Objective Current guidelines define severe aortic stenosis (AS) as an aortic valve area (AVA)≤1.0 cm2, but some authors have suggested that the AVA cut-off be decreased to 0.8 cm2. The aim of this study was, therefore, to better describe the clinical features and prognosis of patients with an AVA of 0.8–0.99 cm2.

Methods Patients with isolated, severe AS and ejection fraction ≥55% with an AVA of 0.8–0.99 cm2 (n=105) were compared with those with an AVA<0.8 cm2 (n=155) and 1.0–1.3 cm2 (n=81). The endpoint of this study was a combination of death from any cause or aortic valve replacement at or before 3 years.

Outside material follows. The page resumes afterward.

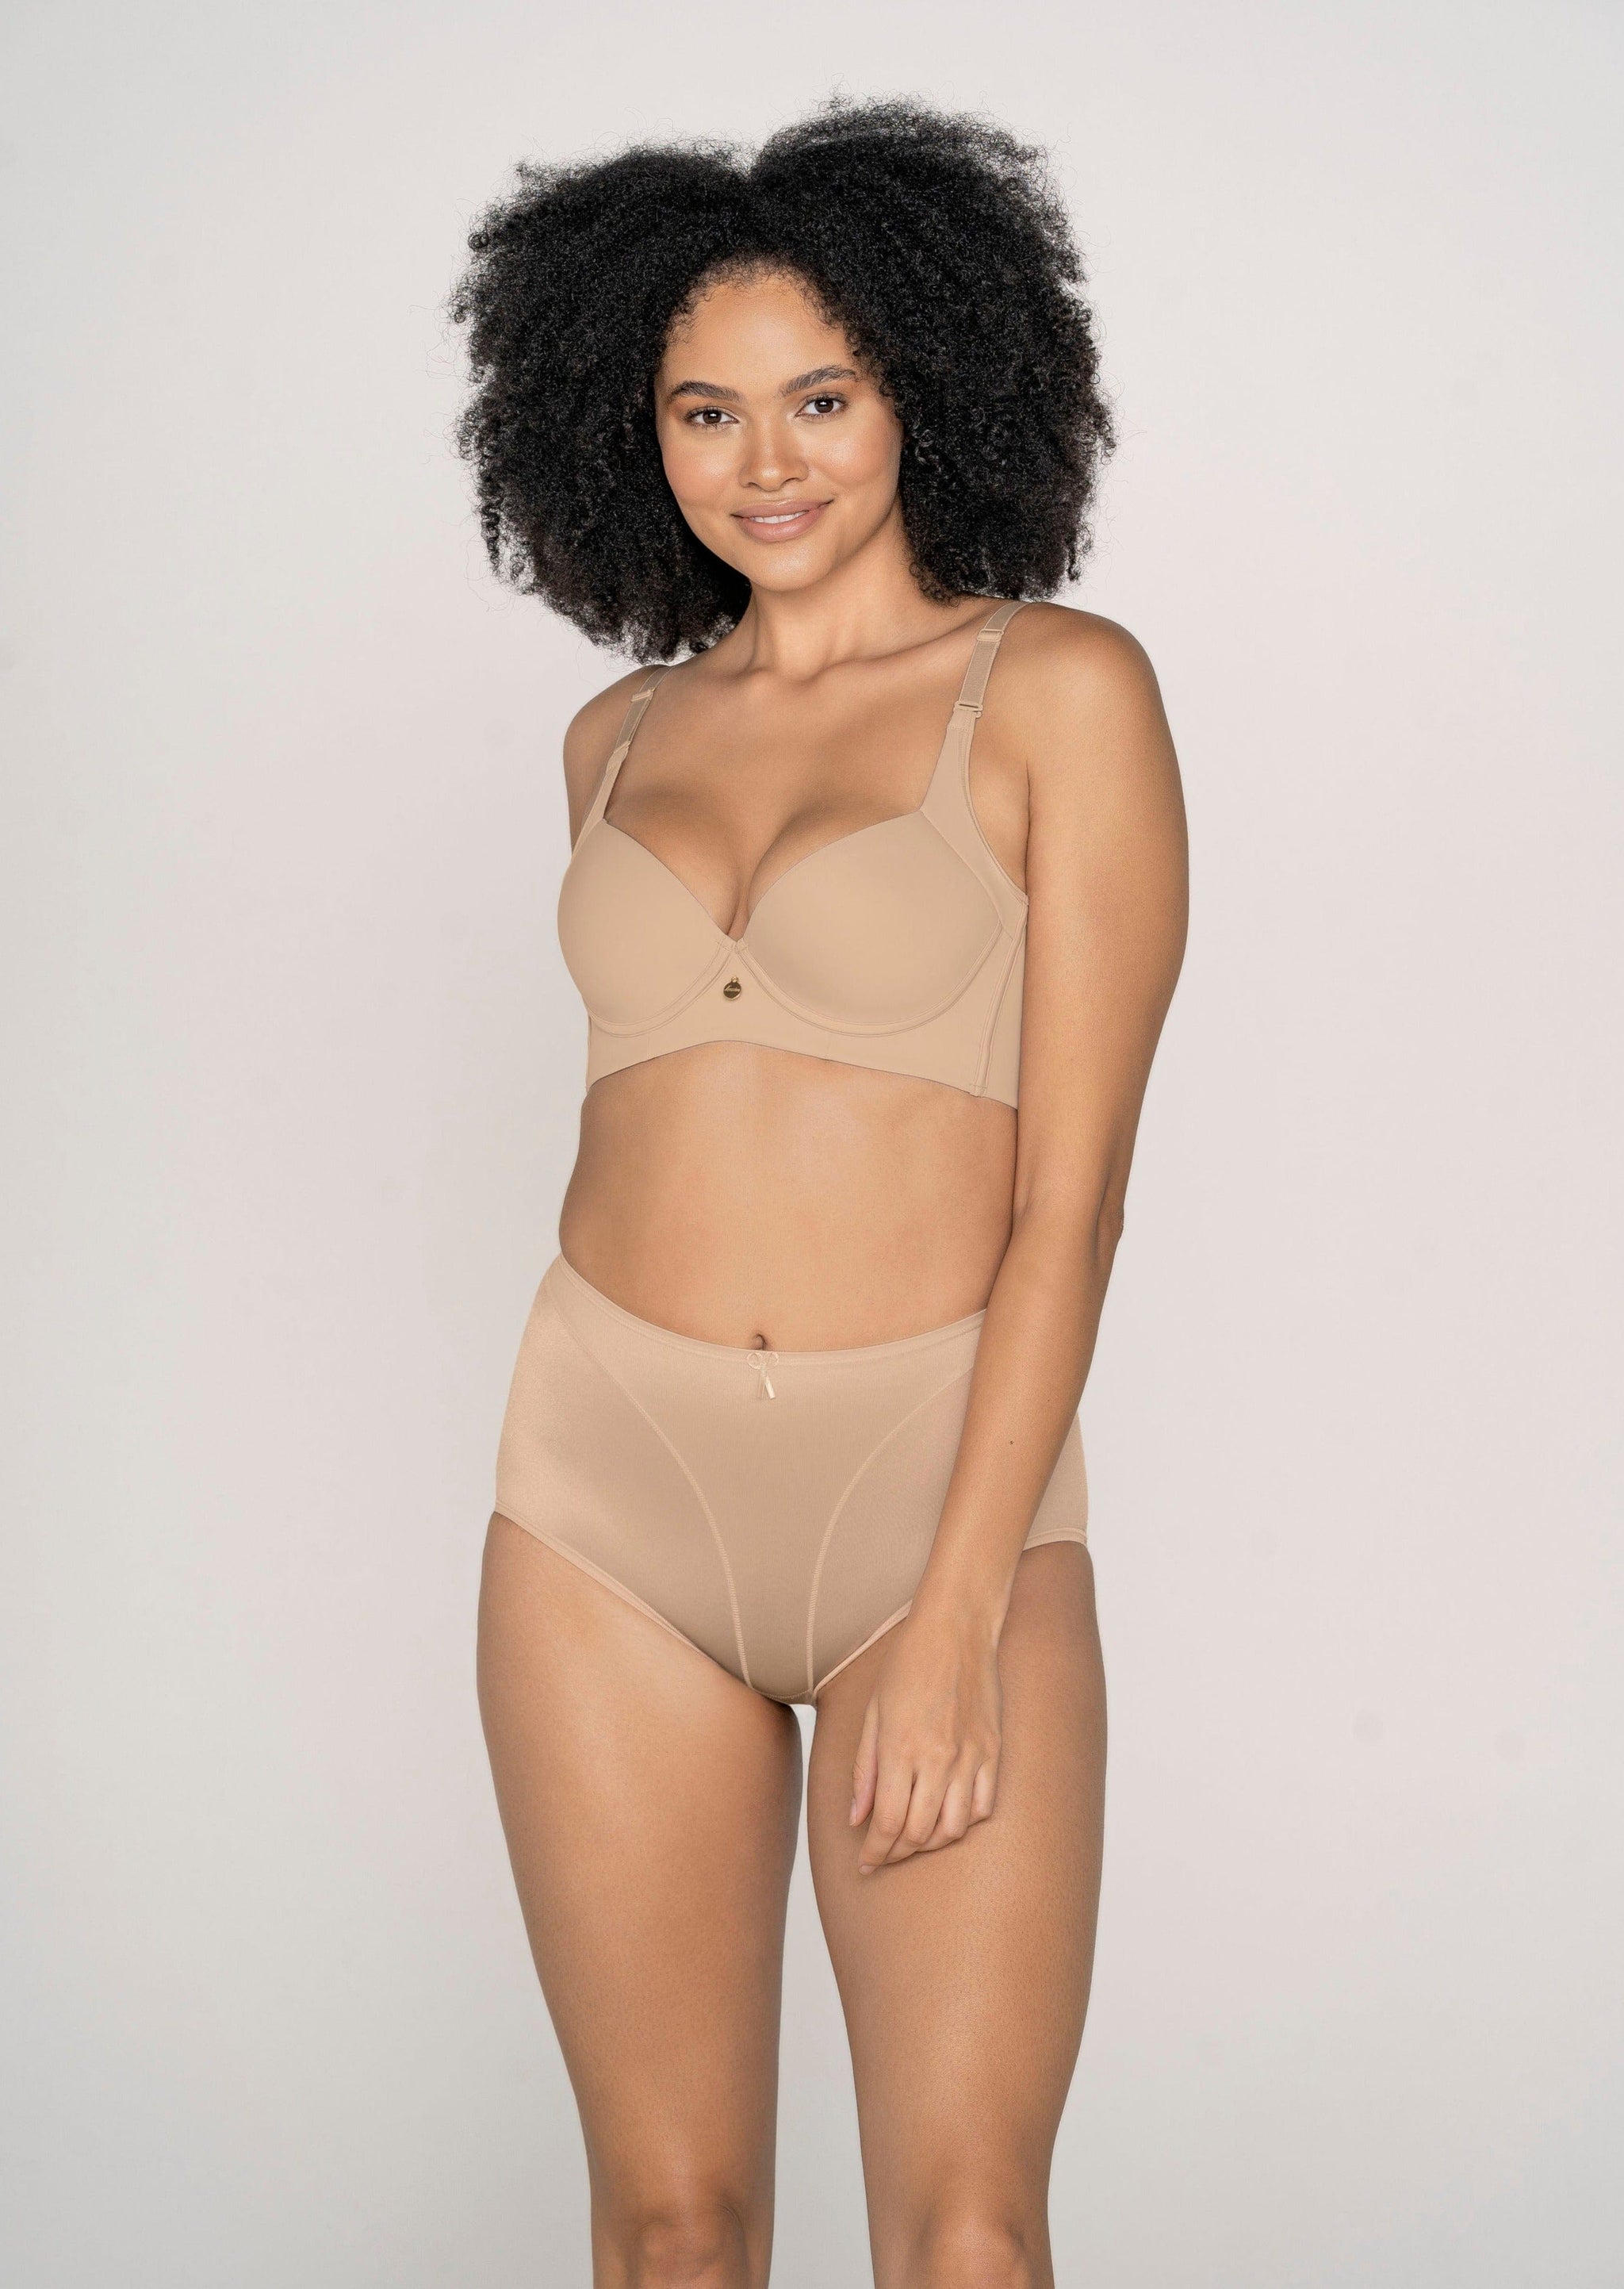 Buy SMOOTH PLUNGE SOFT CUP BRA online at Intimo
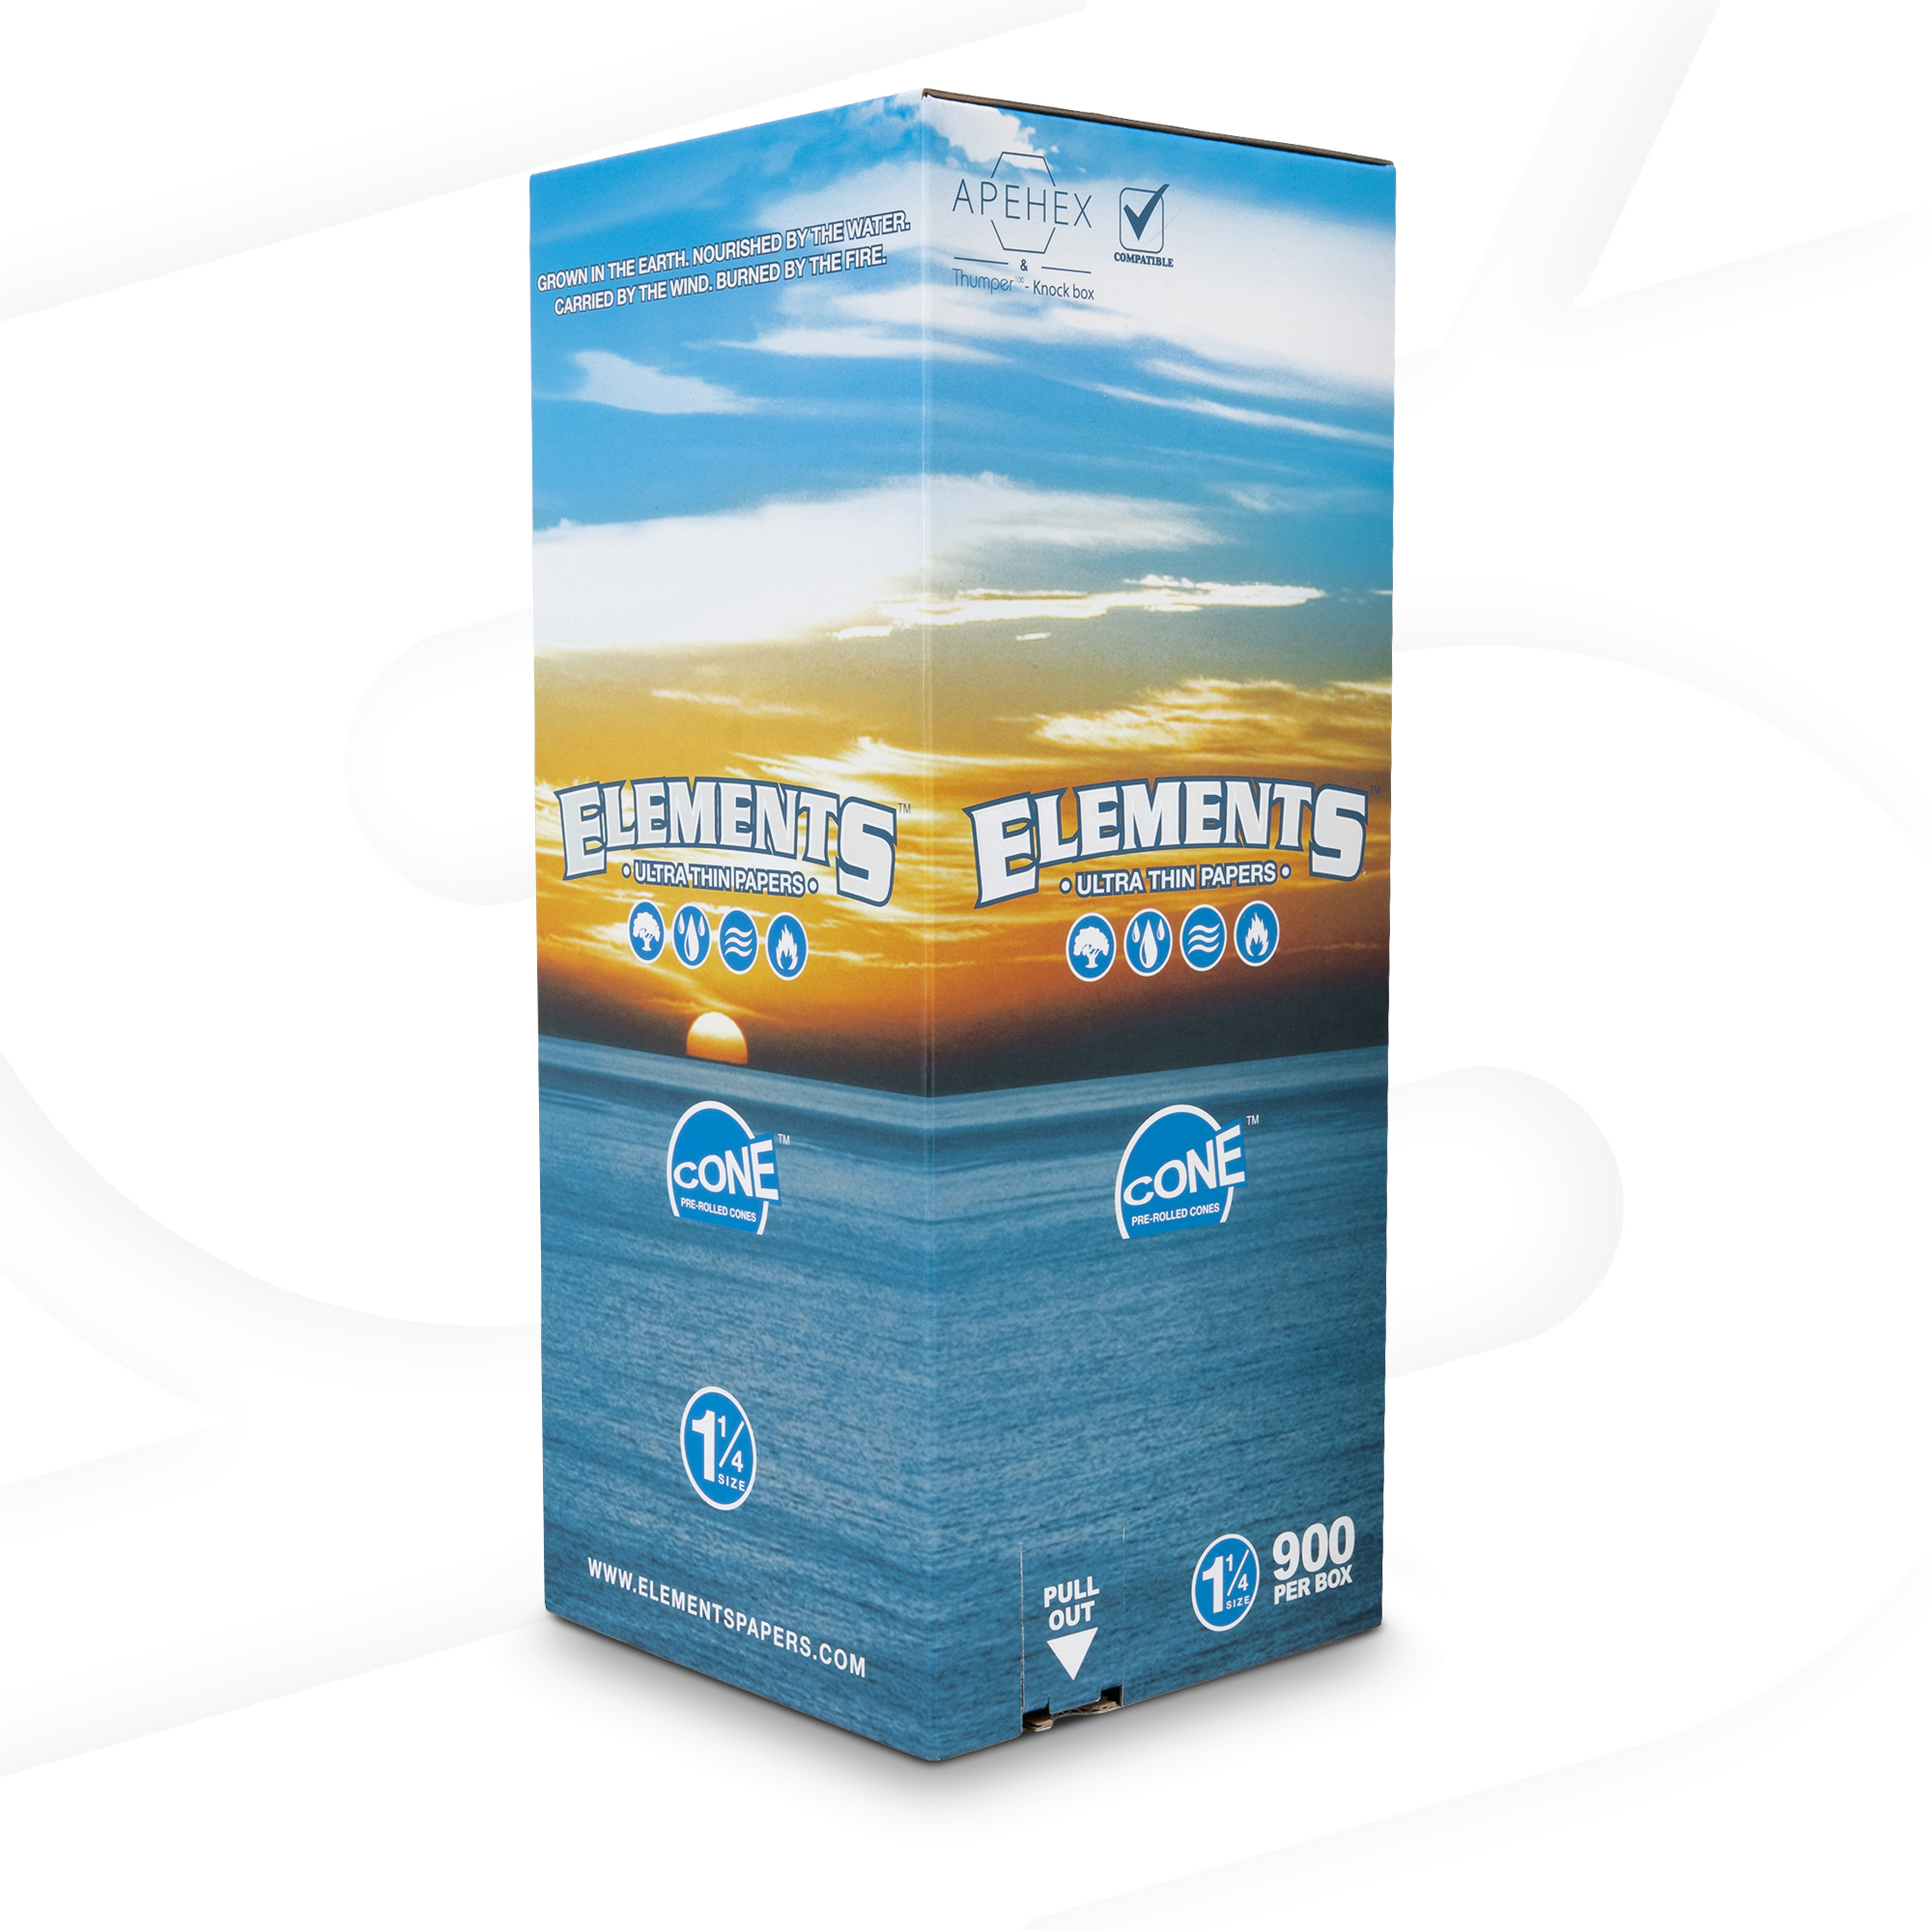 Elements 1 1/4 Pre-Rolled Cones (900 Pack) RAW Cones ELET-CNRC-1401 esd-official

Results Patients with an AVA of 0.8–0.99 cm2 group comprised predominantly normal-flow, low-gradient (NFLG) AS, while high gradients and low flow were more often observed with an AVA<0.8 cm2. The frequency of symptoms was not significantly different between an AVA of 0.8–0.99 cm2 and 1.0–1.3 cm2. The combined endpoint was achieved in 71%, 52% and 21% of patients with an AVA of 0.8 cm2, 0.8–0.99 cm2and 1.0–1.3 cm2, respectively (p<0.001). Among patients with an AVA of 0.8–0.99 cm2, NFLG AS was associated with a lower hazard (HR=0.40, 95% CI 0.23 to 0.68, p=0.001) of achieving the combined endpoint with outcomes similar to moderate AS in the first 1.5 years of follow-up. Patients with high-gradient or low-flow AS with an AVA of 0.8–0.99 cm2 had outcomes similar to those with an AVA<0.8 cm2. The sensitivity for the combined endpoint was 61% for an AVA cut-off of 0.8 cm2 and 91% for a cut-off of 1.0 cm2.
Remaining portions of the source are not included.